The facts in this case are straightforward. On October 3, 1973, the claimant suffered an injury to his back while employed as a laborer by the Town of Barre. Although he returned to work for short periods of time, he has not worked since October of 1977. From December 15, 1973, to April 8, 1974, and from October 3, 1977, to January 22, 1979, the claimant received temporary total disability benefits. On January 22, 1979, the defendants discontinued temporary benefits on the ground that the claimant had reached the “end result” of the healing process.

The claimant filed for permanent disability and vocational rehabilitation benefits. At the hearing on these claims, the medical testimony stood uncontradicted: the claimant’s back impairment would not improve, resulting in a thirty-five to forty per cent permanent impairment of the spine, and a twenty per cent impairment to the whole man. The claimant also adduced testimony that, taking account of his age, training, and educational background, he would be unable to work again. In addition, the claimant presented a vocational rehabilitation plan, under which the claimant would receive $2,695.00 in funds to establish a small livestock venture at his home. The return on this vocational rehabilitation plan was estimated at approximately $200.00 annually.

*570 The Commissioner found that the claimant was entitled to sixty-six weeks of permanent partial disability benefits, computed on the basis of a twenty per cent impairment to the whole man. The Commissioner based this decision on medical evidence alone, and did not address the claimant’s age, education, or training. The claimant was denied vocational rehabilitation benefits. The Commissioner also deducted $145.56 from the claimant’s compensation award, because of overpayments of temporary disability benefits.

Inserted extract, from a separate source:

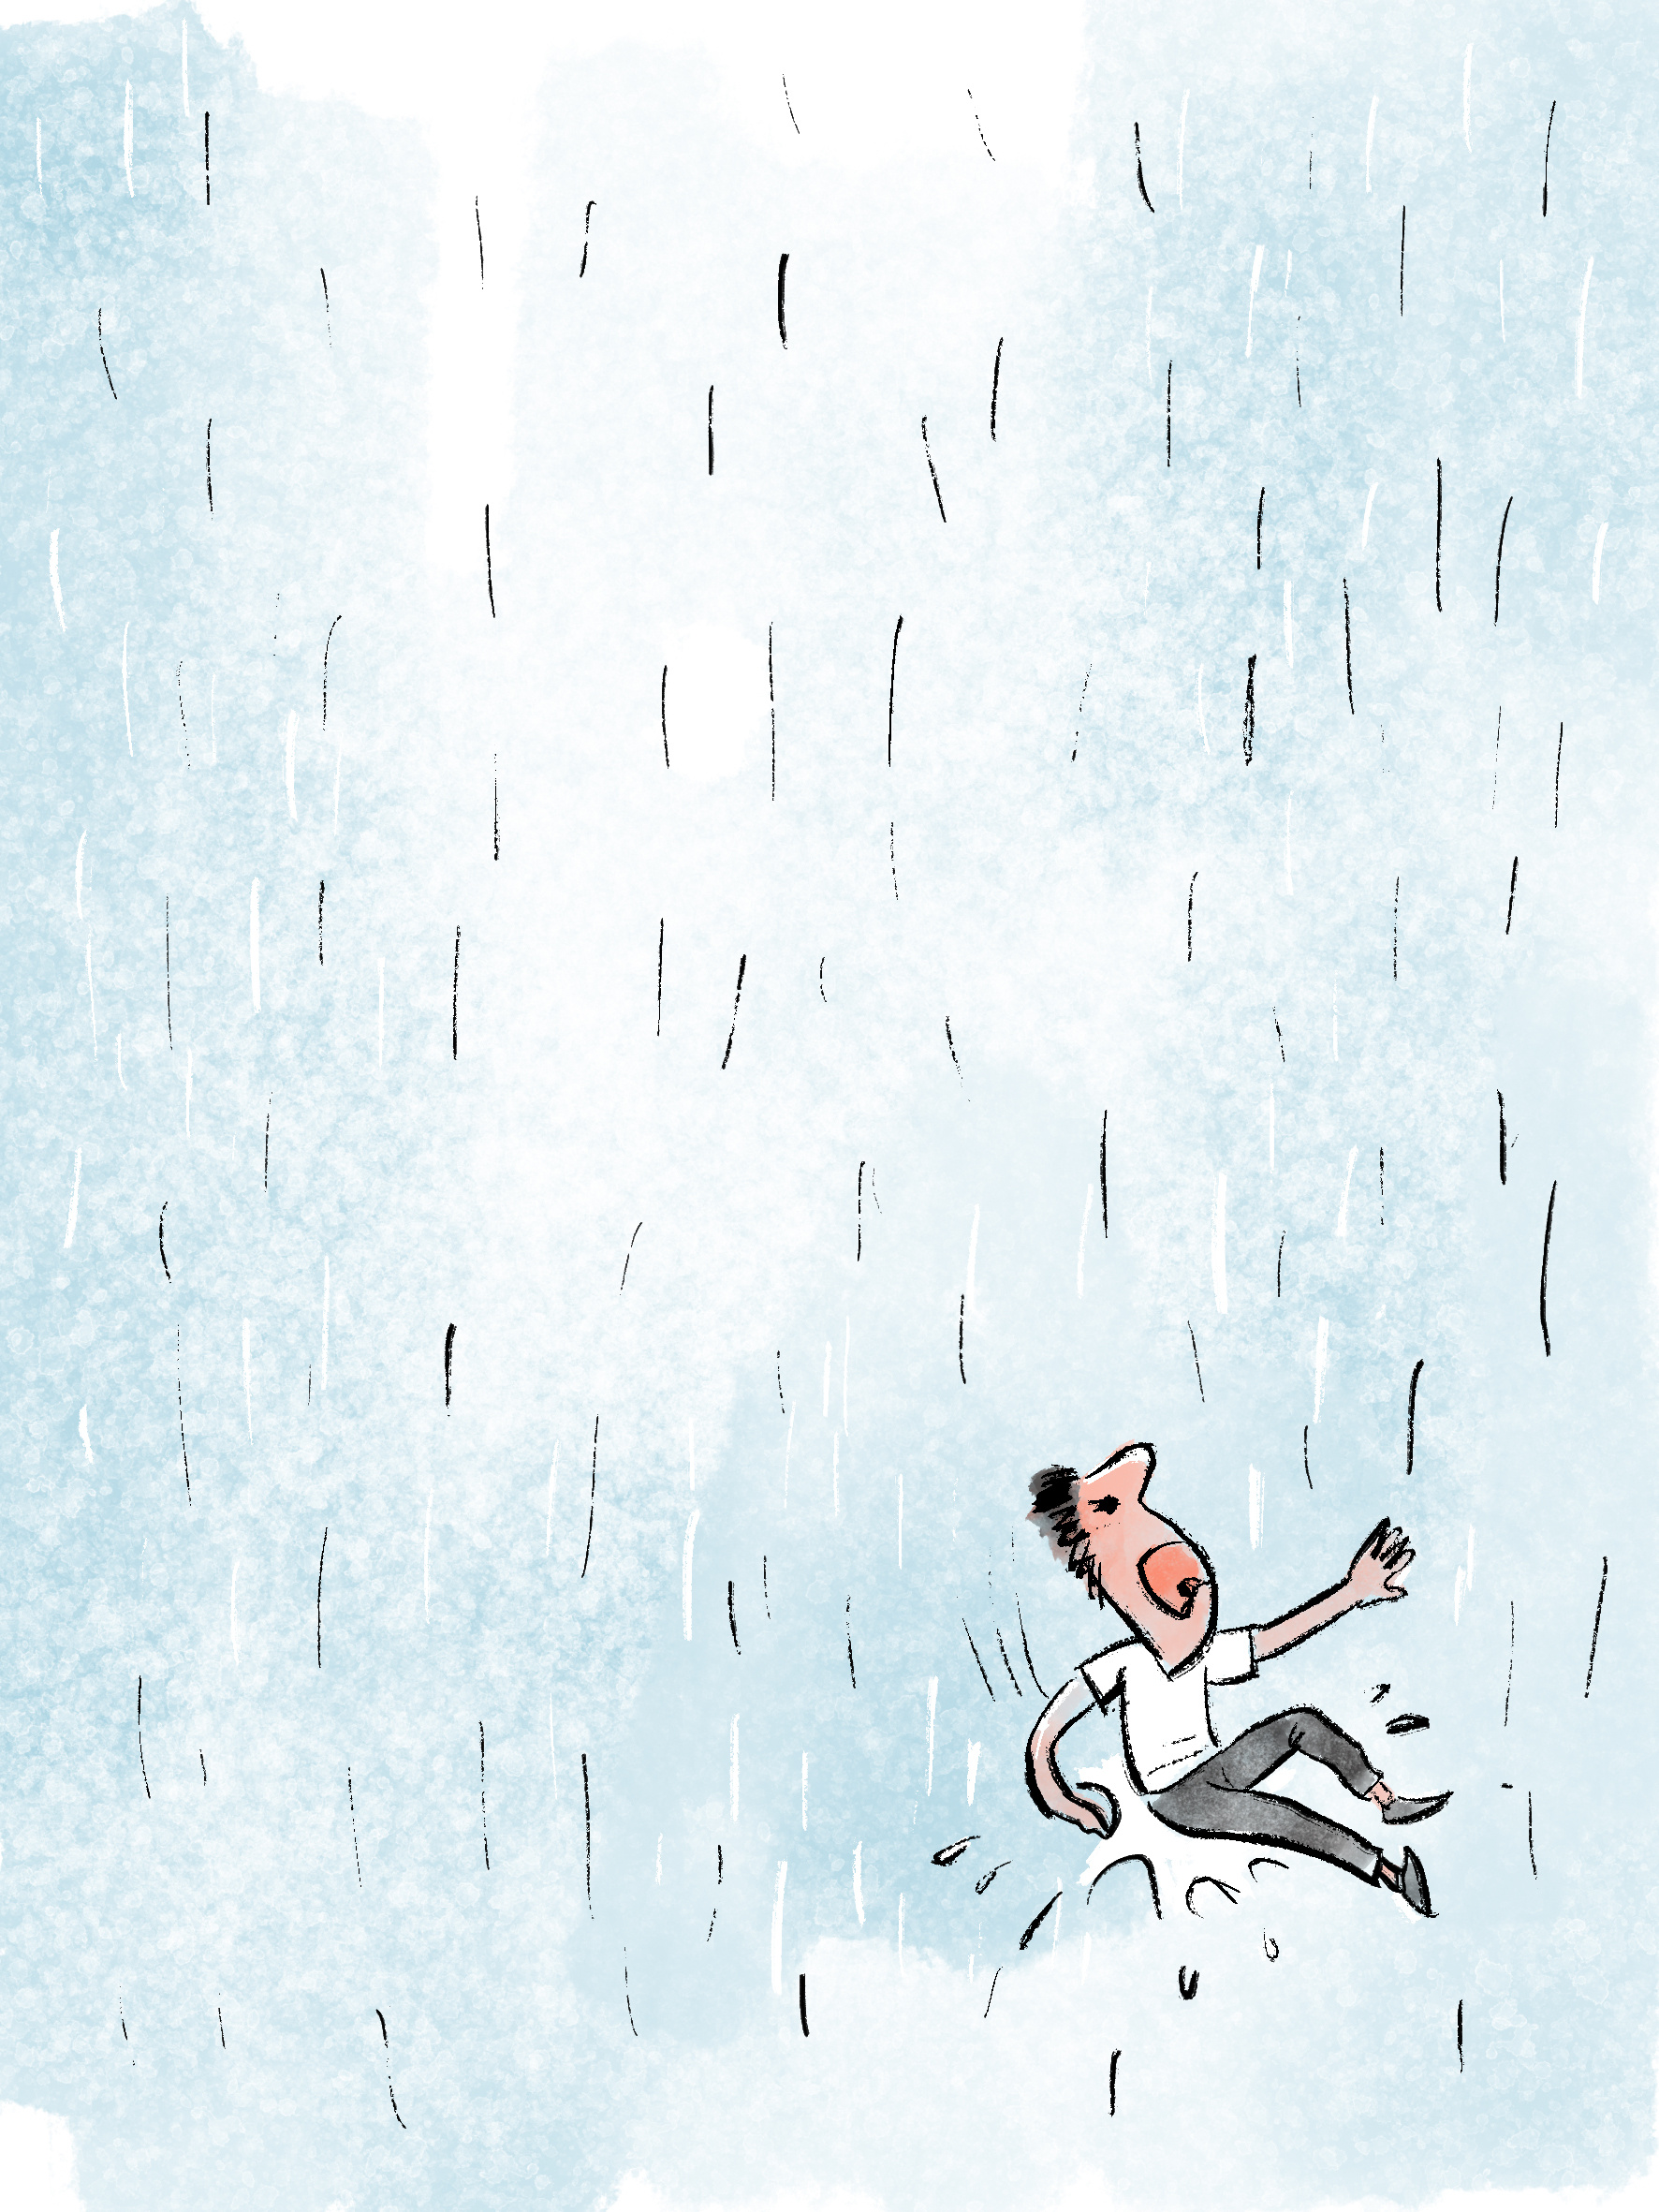 漫画:雨一直下 心情很复杂

The claimant appealed the Commissioner’s decision to the Washington Superior Court, which certified the following questions to this Court under V.R.A.P. 5 (a) :

(1) Did the Commissioner of Labor and Industry err in concluding that claimant was only 20% permanently disabled ?
(2) Is the Commissioner of Labor and Industry’s conclusion of 20% permanent partial disability in error because it is based only on permanent physical impairment and not permanent economic impairment?
(a) Did the Commissioner of Labor and Industry err in not finding that the claimant has sustained permanent economic impairment?
(3) Was it error for the Commissioner of Labor and Industry to conclude the claimant is only 20% permanently partially disabled in light of Dr. Felix Callan’s testimony that claimant sustained a 20% permanent partial disability to the “whole man” and 35-40% permanent partial disability to his spine?
(4) Is the claimant entitled to the payment of $2,695.00 for the purpose of vocational rehabilitation?
(5) Was there an overpayment of temporary disability benefits pursuant to 21 V.S.A. § 650(d) ?

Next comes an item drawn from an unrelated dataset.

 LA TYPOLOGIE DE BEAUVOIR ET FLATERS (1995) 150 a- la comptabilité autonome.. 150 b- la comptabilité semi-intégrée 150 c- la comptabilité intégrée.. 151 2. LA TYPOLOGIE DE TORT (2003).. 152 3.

We answer questions one, three, and five in the affirmative, and two, two (a), and four in the negative, for reasons which will be discussed in the remainder of this opinion.

II.

A.

The Vermont Workmen’s Compensation Act pro *571 vides two distinct classes of benefits. Temporary disability benefits are provided for workers who suffer a “disability for work,” 21 V.S.A. §§ 642, 646, during the period between their injury and final recovery. Once the recovery process has ended, or the worker has achieved the maximum possible restoration of his earning power, he is no longer entitled to temporary disability benefits. At this point, the worker has reached the “end result” of the healing process. Moody v. Humphrey & Harding, Inc., 127 Vt. 52, 57, 238 A.2d 646, 649 (1968); Orvis v. Hutchins, 123 Vt. 18, 24, 179 A.2d 470, 474 (1962). Because the claimant’s condition has reached an “end result,” claims for benefits are then treated under the permanent disability sections, 21 V.S.A. §§ 644, 648. See Orvis v. Hutchins, supra, 123 Vt. at 24, 179 A.2d at 474.

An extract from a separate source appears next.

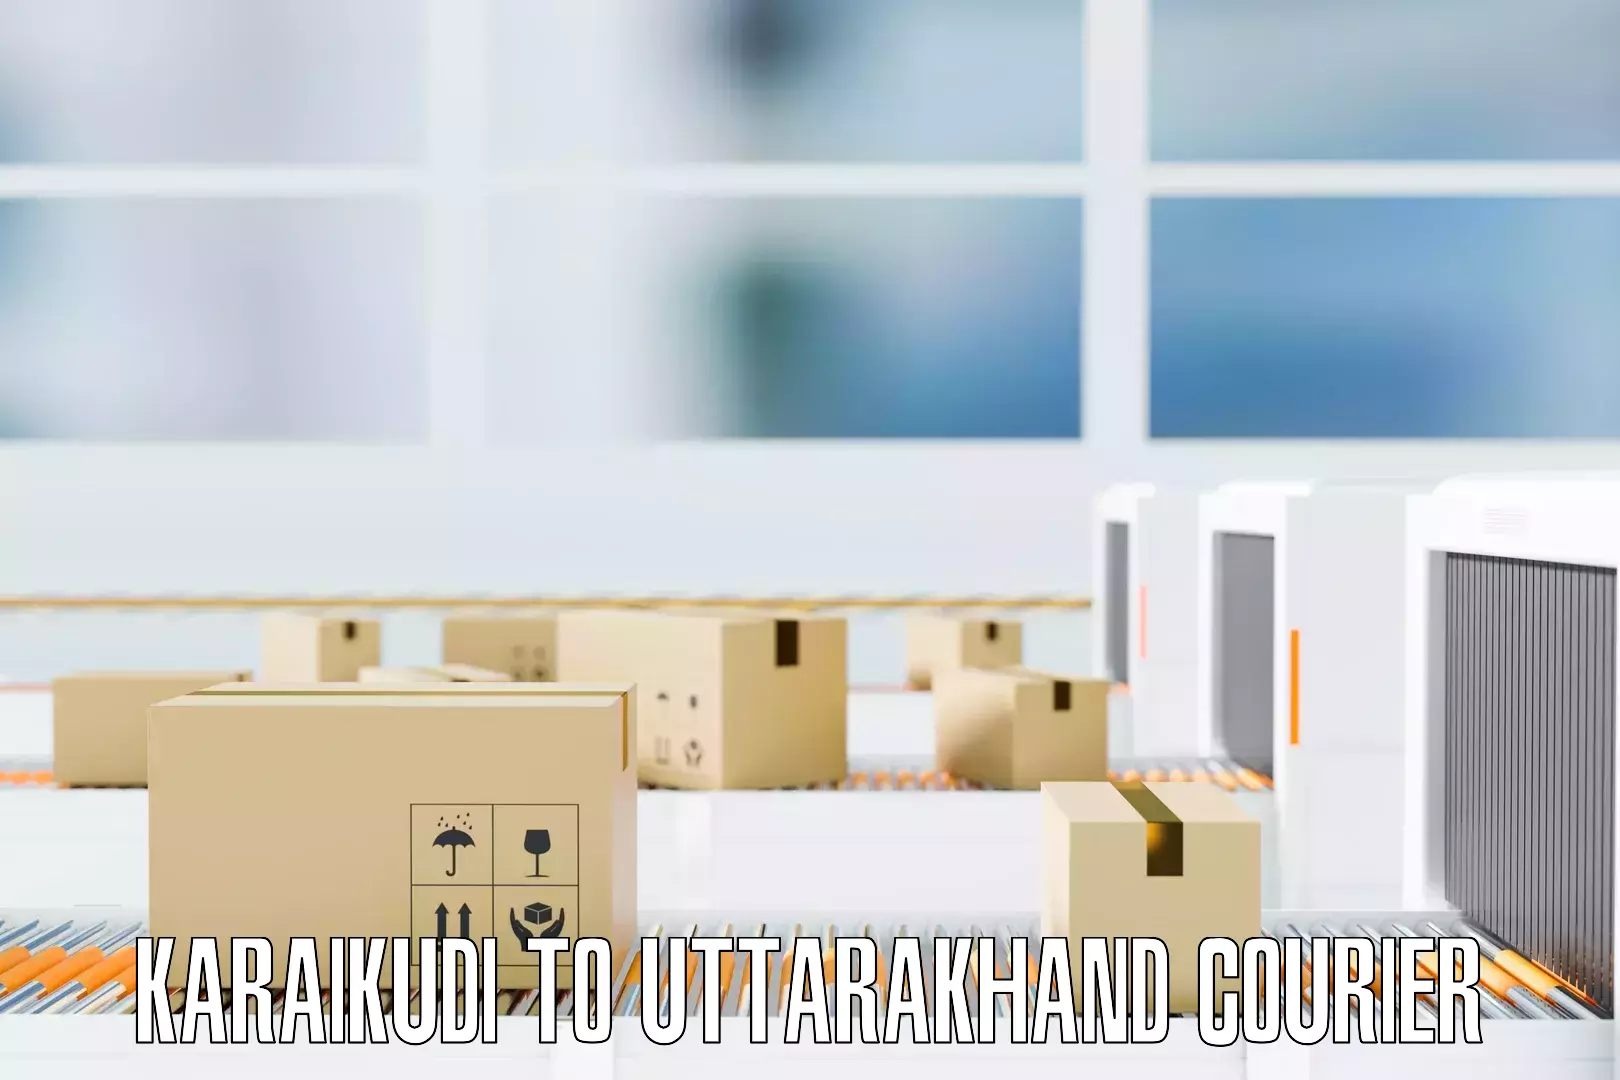 Household moving experts Karaikudi to Tanakpur

Our case law has established different criteria for computing temporary, as opposed to permanent, benefits. Temporary disability benefits are awarded on the basis of an individual’s incapacity for work. See Sivret v. Knight, 118 Vt. 343, 346, 109 A.2d 495, 497-98 (1954); Roller v. Warren, 98 Vt. 514, 517-18, 129 A. 168, 169-70 (1925). This involves consideration of not only physical injury, but also of other factors restricting the claimant’s capacity to obtain work. See Gee v. City of Burlington, 120 Vt. 472, 476-77, 144 A.2d 797, 799-800 (1958). In contrast, permanent disability benefits are calculated solely on the basis of physical impairment: “[The permanent disability] statute has arbitrarily fixed the amount of compensation to be paid for scheduled specific injuries regardless of loss of present earning power.” Beane v. Vermont Marble Co., 115 Vt. 142, 145, 52 A.2d 784, 786 (1947). See Orvis v. Hutchins, supra, 123 Vt. at 22-23, 179 A.2d at 473 (comparing temporary and permanent disability sections).

The claimant challenges the validity of these different standards set forth in Vermont case law. He asserts that permanent disability, like temporary disability, should be evaluated by reference to any factor which restricts capacity for work. In support of this position, he advances several arguments. First, he contends that the Act’s use of the word “disability” connotes more than physical impairment, thereby requiring evaluation of ability to work. Second, he asserts that by allowing compensation for unscheduled injuries, see 21 *572 V.S.A. §§ 644(b), 648(20), the Act sanctions consideration of factors other than physical injury. Third, he argues that the purpose of the statute is to compensate for lost wages, which requires consideration of capacity for work. Thus, he concludes that the Commissioner erred in failing to consider the claimant’s ability to work, and in relying solely on physical impairment in setting compensation.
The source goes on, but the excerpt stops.